23 March 2009

Labor of Love or Extreme Birth?

Now that I'm catching up on reviews, I thought I should spread the word about New York midwife-extraordinaire, Cara Muhlhahn's memoir, Labour of Love

For those of you that saw Ricki Lake's documentary Business of Being Born, you will be familiar with Muhlhahn's as a selection of her homebirths were featured in the film. The book is a rich recounting of Cara's 30 years of experience as a midwife - she recounts her formative adolescent experiences, the homebirth of her own son and a selection of stories from the 700+ babies that she has delivered over the years.

Watching Muhlhahn in action in BOBB, for me, was one of the highlights of the film. Sensitively attending to each woman's concerns, providing unconditional and unconventional support and reassuring women at their most vulnerable was not only heartwarming but profoundly moving.

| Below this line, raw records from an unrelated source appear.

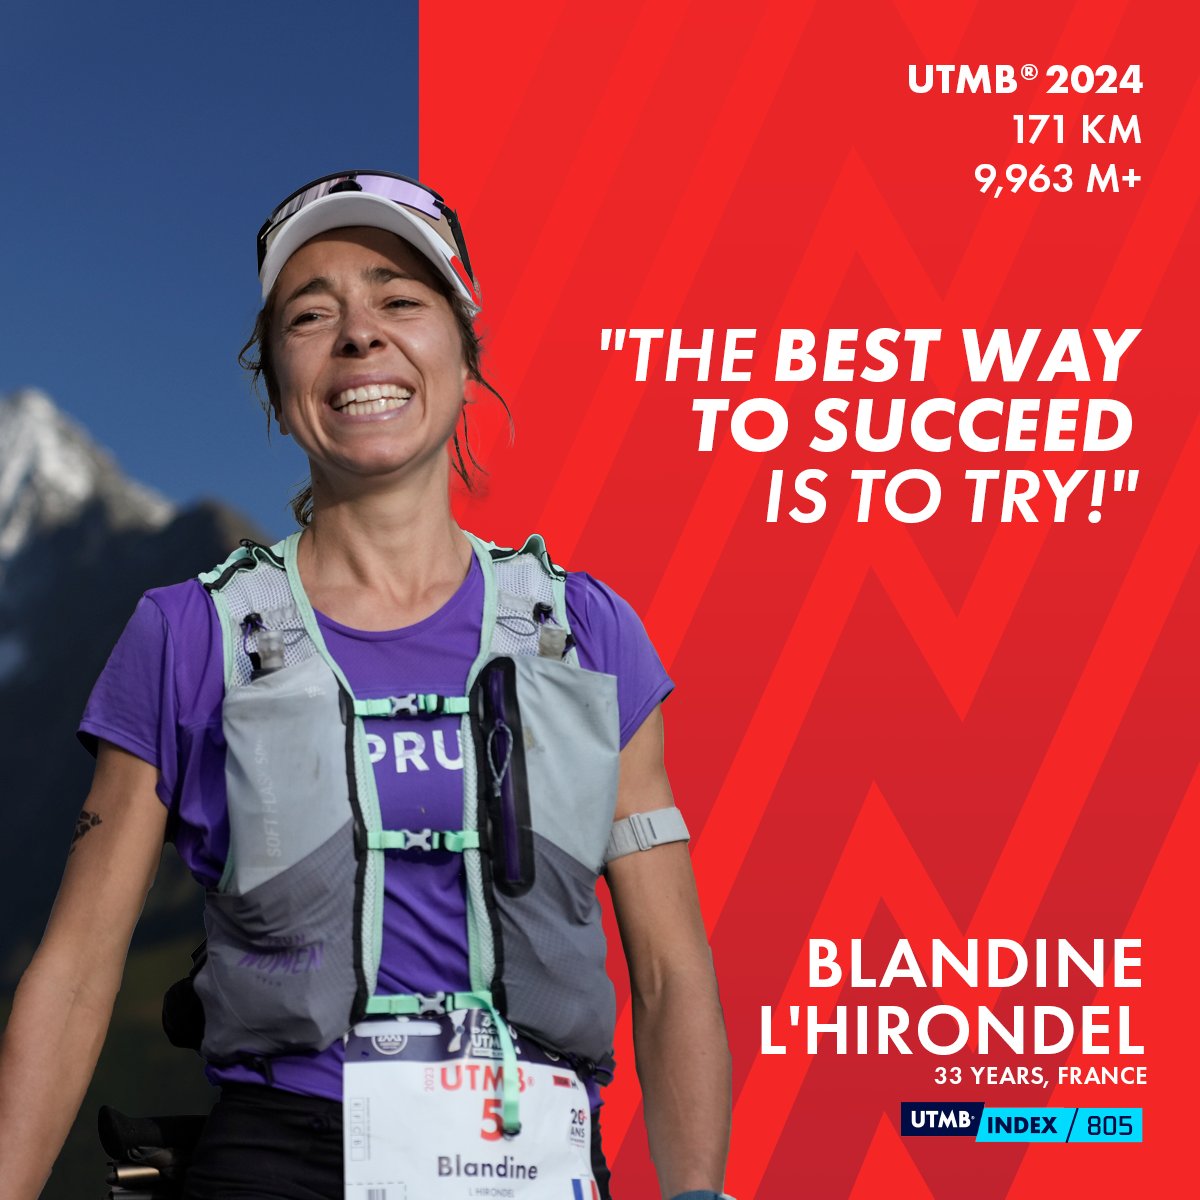 🟥 𝗨𝗧𝗠𝗕 𝗙𝗔𝗩𝗢𝗥𝗜𝗧𝗘𝗦 

2021: OCC 🏆
2022: CCC 🏆
2023: UTMB 🥉
2024: What's next for Blandine L'Hirondel? 

After a podium finish for her 1st attempt, Blandine will come back to the UTMB Mont-Blanc this year 👉 montblanc.utmb.world/races-runners/… 🌍

#DaciaUTMBMontBlanc
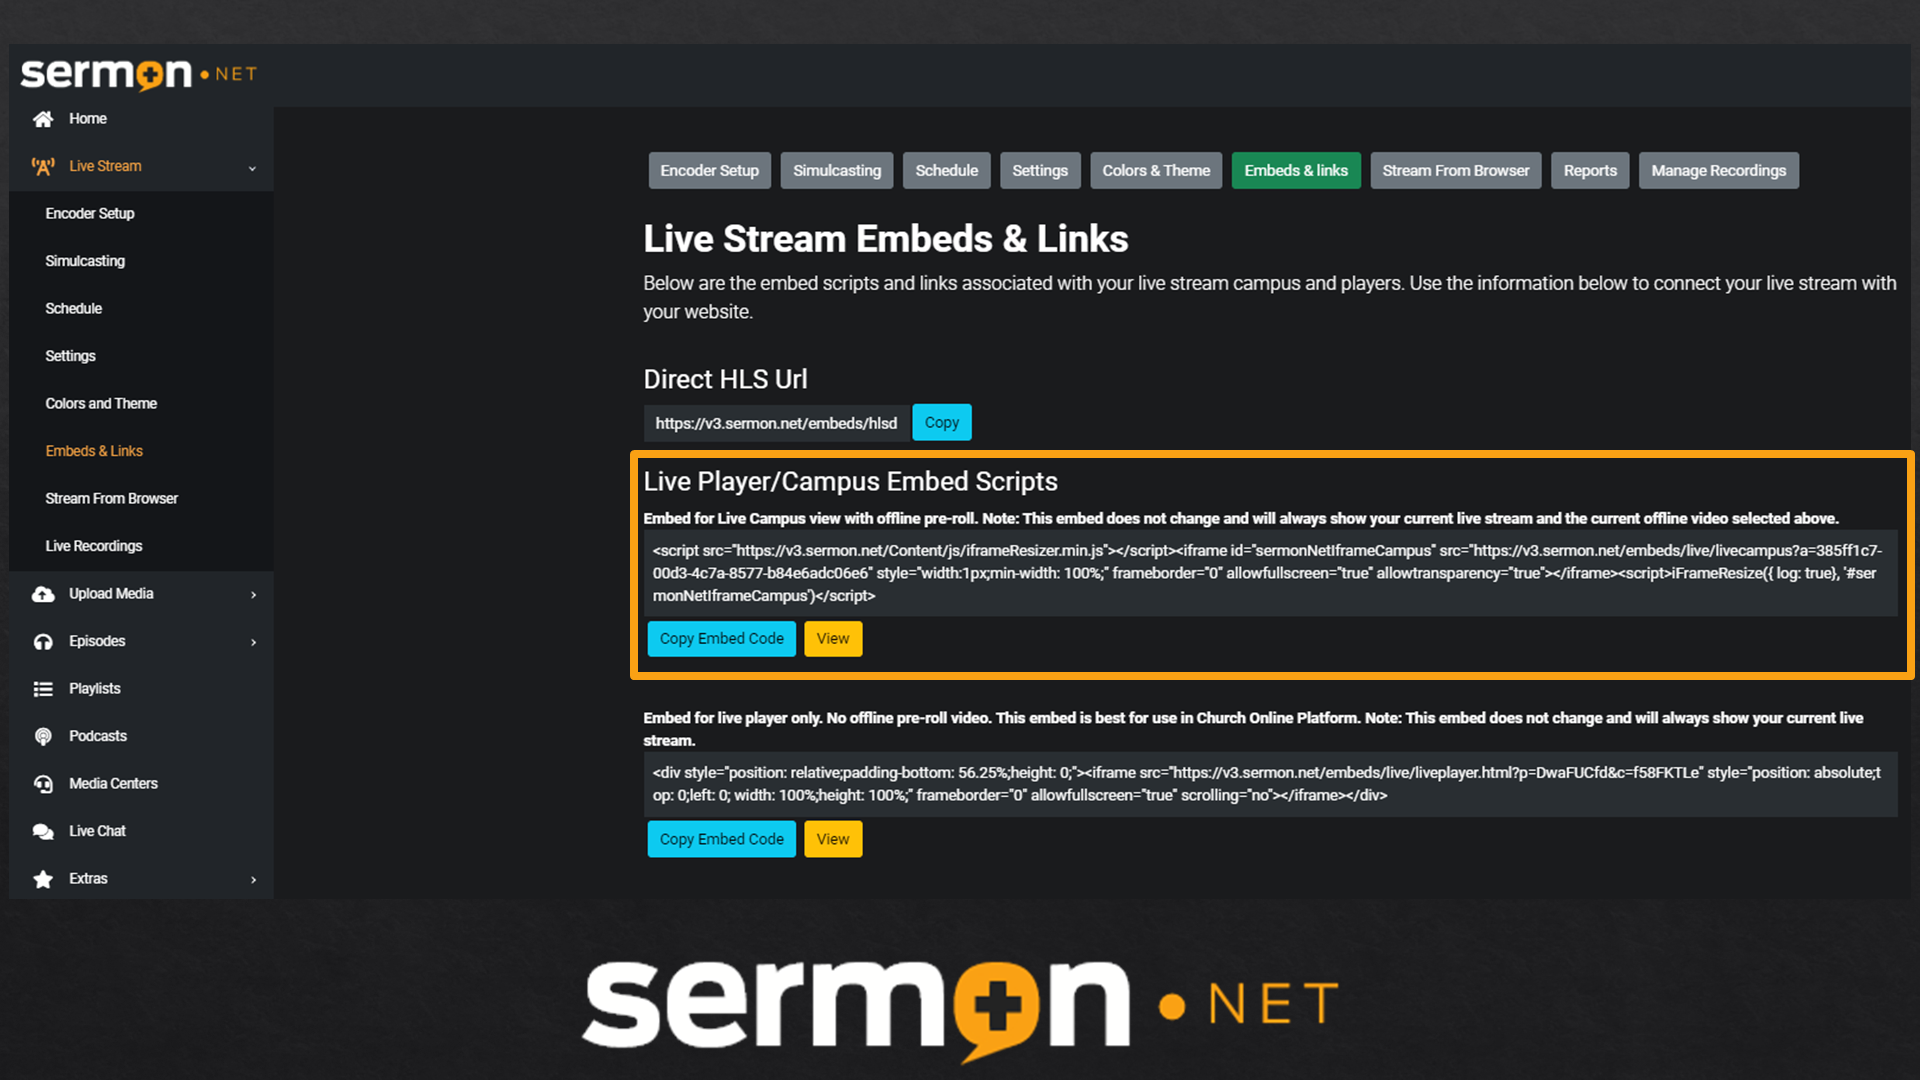 sermon.net campus player live streaming

Nevertheless, in New York Magazine feature, Muhlhahn is painted as a renegade in the homebirth movement, as 'fearless' to the point in which women's lives are at risk. Her self-assuredness and confidence from years of experience is positioned as hubris and perhaps arrogant. Homebirth is positioned as 'extreme' and merely a growing 'trend' among middle-class women who have taken to birth at home like the latest Gucci handbag and those women that opt to do so as selfish and perhaps a bit clueless. This is quite a divergence from the sensitive and thoughtful portrait painted of Muhlhahn by Ricki Lake and Abby Epstein in their documentary and by Muhlhahn herself in her memoir.

Has anyone else read the book? Thoughts on the movie or the article?